For two years the dispute concerning the NIP has adversely affected relations between the EU and the UK and has infected politics in NI to the extent that devolved government there has collapsed. The dispute involves two kinds of issues: practical and constitutional.

The first kind relates to the difficulties experienced by GB suppliers shipping goods to NI, particularly with regard to the amount of paperwork involved. In this regard, the WF is a vast improvement and seems to have resolved this issue to the satisfaction of most interested parties. The second kind is not so readily soluble.

The constitutional issue relates to NI’s position in the UK, which NI unionists consider of overriding concern. Strong support in the unionist community for the Democratic Unionist Party’s boycott of devolved government indicates that most unionists are prepared to tolerate NI’s worsening crises in health care and cost-of-living until the issue is resolved to their satisfaction. While the British government is keen to see devolved government restored in NI it does not share NI unionists’ visceral concerns regarding the issue.

So far, Sunak-aligned Brexiters – including key Johnson supporters – have given the nod to the deal, while a threatened revolt by ultra-Brexiters has not materialised, even though the deal includes ditching their hobbyhorse, the Northern Ireland Protocol Bill designed to empower UK ministers to unilaterally revoke parts of the NIP. Elements within unionism also seem ready to endorse the WF. But the big question is what will the DUP do? While legally their approval is not required for the WF to take effect, politically it is momentous as it would help draw a line under the recent fractious past.

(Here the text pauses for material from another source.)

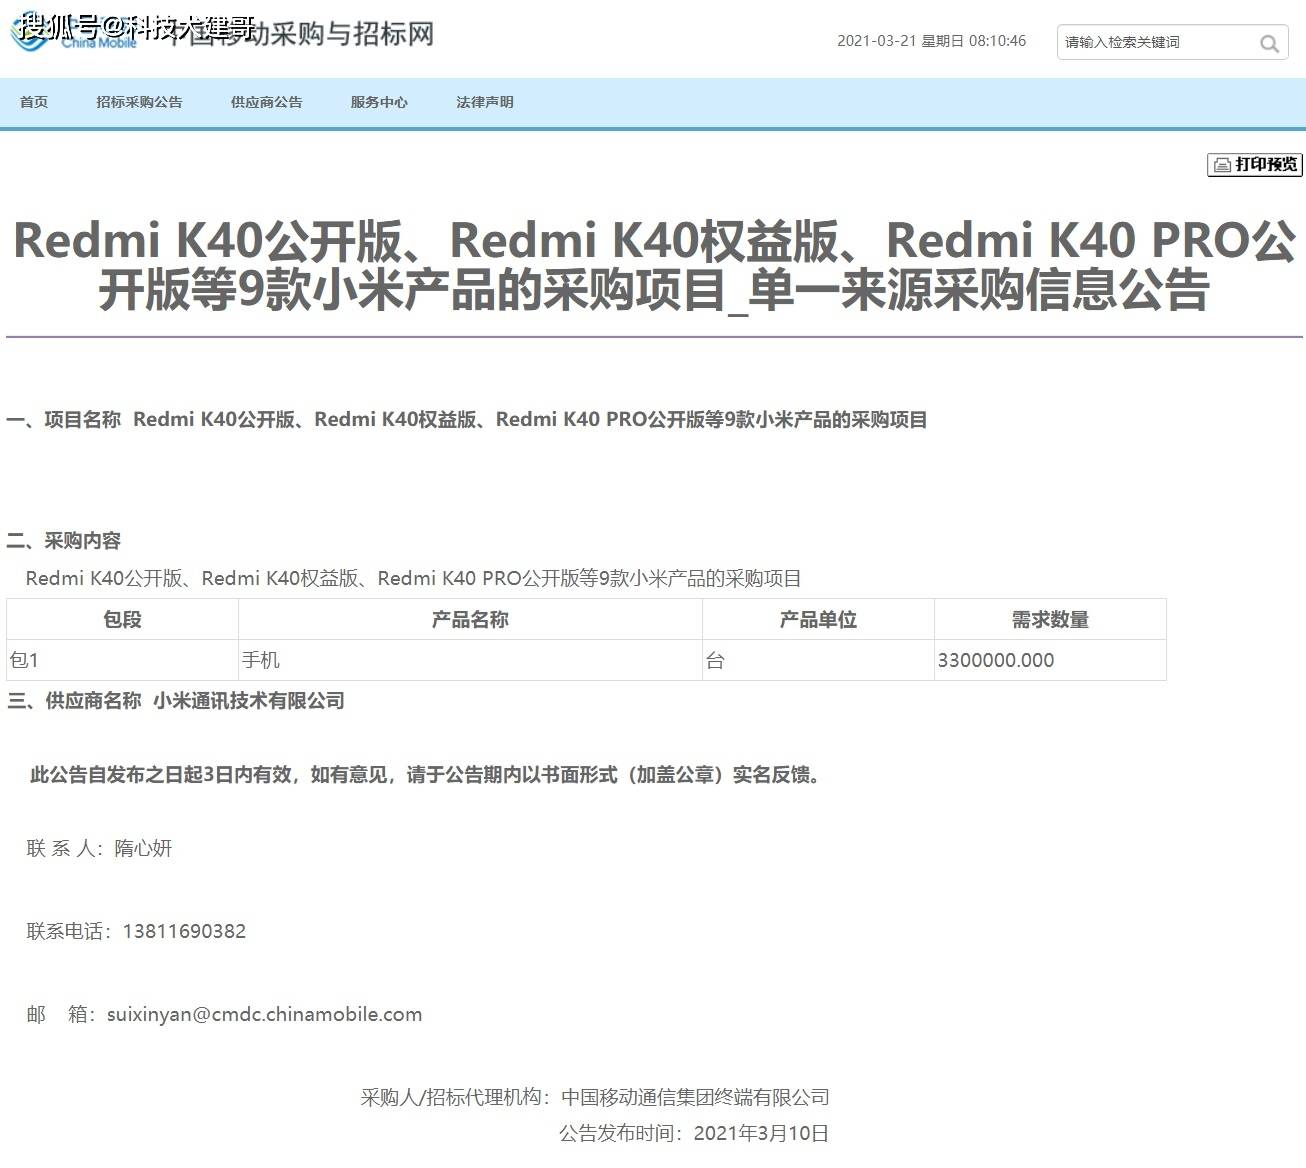 红米K40 Pro刚才卖了三百万台 东京奥运确定闭门举办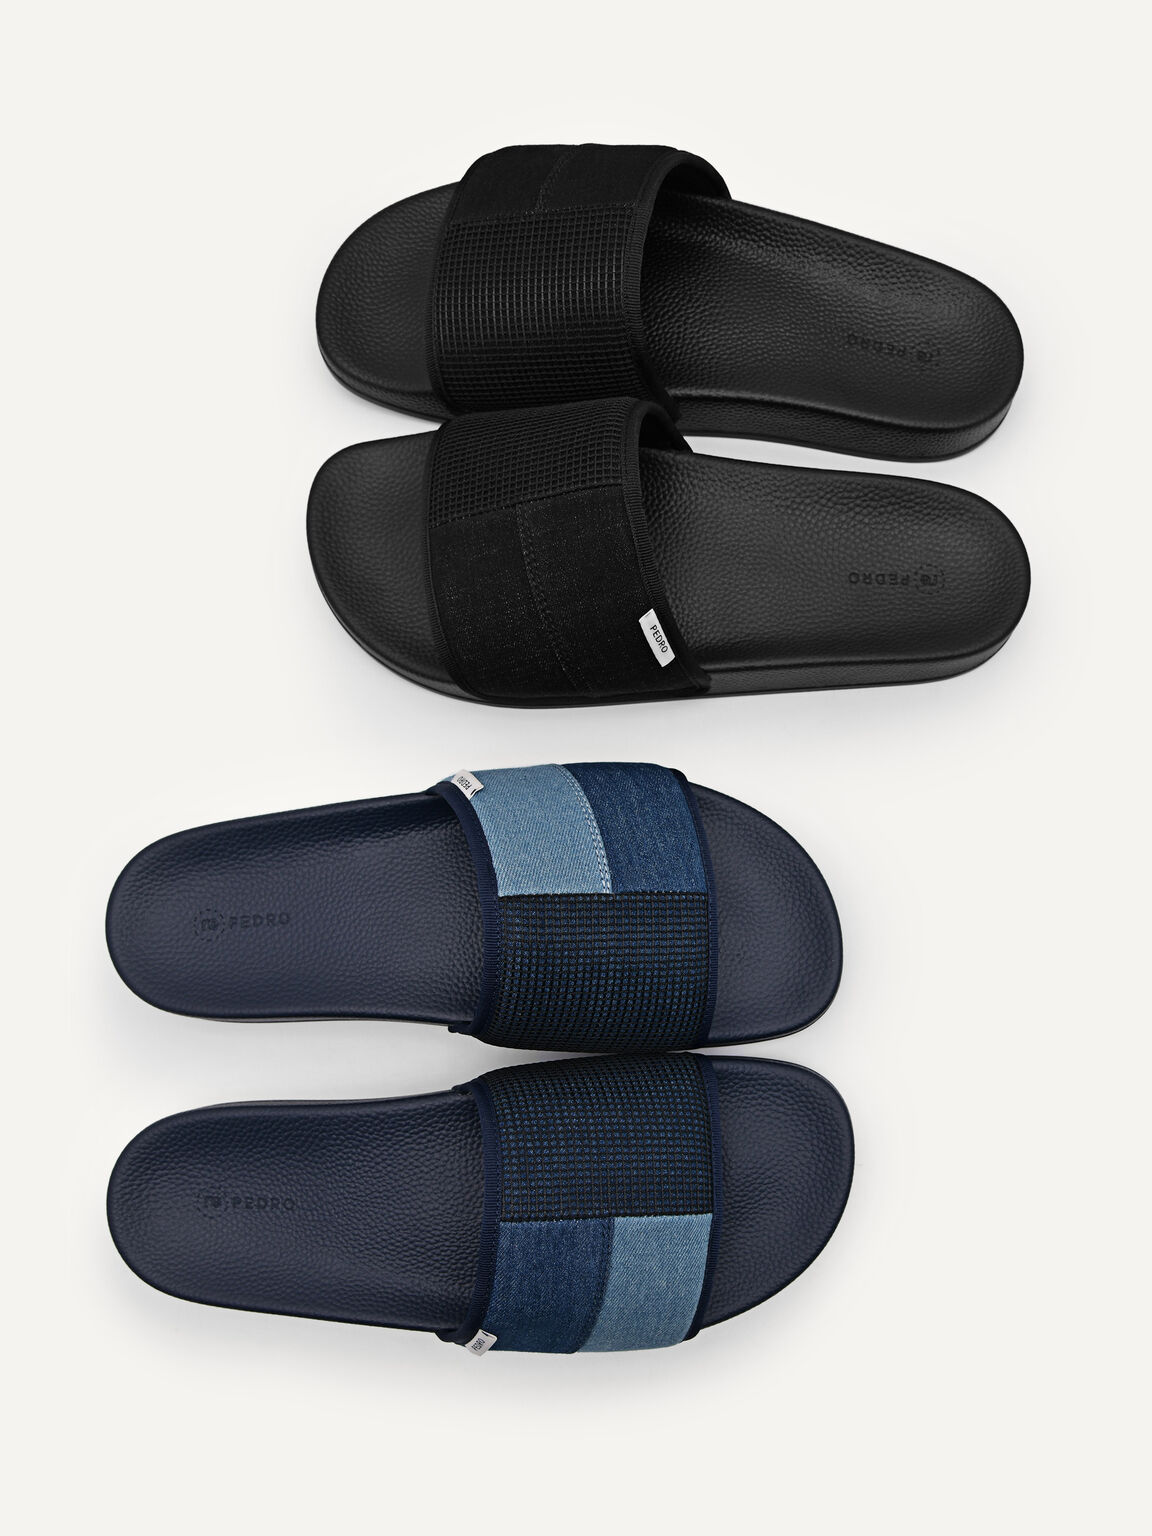 Denim Slide Sandals, Black

As I observed in my previous article, many an intractable problem in NI politics has been resolved by a fudge. And the WF has a strong whiff of fudge about it, judging by the British government’s effusive rhetoric unmatched by the legal text. The government speaks of the ‘old Protocol’, as if there is a new protocol, even though amendments to the NIP’s text are minimal. The government declares that the ‘Stormont brake’ gives NI control over future EU laws, while the WF describes it as an ‘emergency brake mechanism’ to be applied ‘in the most exceptional circumstances and as a last resort’. The government boasts that the WF ‘removes 1700 pages of EU law’, leading one wag to observe, ‘Should that impress somehow? Still MILLIONS of pages apply!’.

In 2021 the DUP set out its seven tests for a satisfactory outcome. Unfortunately, its requirements were fairly specific, limiting its wriggle-room. According to the Belfast Telegraph’s NI editor Sam McBride, on a strict analysis the WF meets only two of those tests, raising the question whether enough fudge has been baked.

The problem for the DUP is that if it endorses the WF it risks losing members and voters to the hardline TUV. A mass exodus could ironically see the DUP suffer the same fate as the Ulster Unionist Party, whose position as unionism’s main party was usurped by the DUP after the UUP pragmatically signed up to the Belfast Good Friday Agreement in 1998.

The complexity of the WF gives the DUP’s leadership time to study the deal and take the unionist electorate’s pulse before announcing its position. A decision by the DUP to endorse the WF would mean that devolved government could resume in NI, enabling legislative and executive action to address long-neglected problems. But that would also mean a Sinn Féin First Minister, a prospect many unionists find abhorrent.

But rejection of the WF and the party’s continued boycott of the devolved institutions could do untold damage to the union itself. In the short term, it could lead to direct rule from London with input from Dublin and, in the long term, increasing support for a united Ireland as the only means of fixing NI’s broken system.

In the meantime, Rishi Sunak can take some pleasure, and well-deserved credit, for steering the UK back onto a more sensible path to improved relations with the EU, Britain’s largest and most important trading partner, and with Ireland, its closest neighbour. Restoration of devolved government in NI would be icing on the fudge.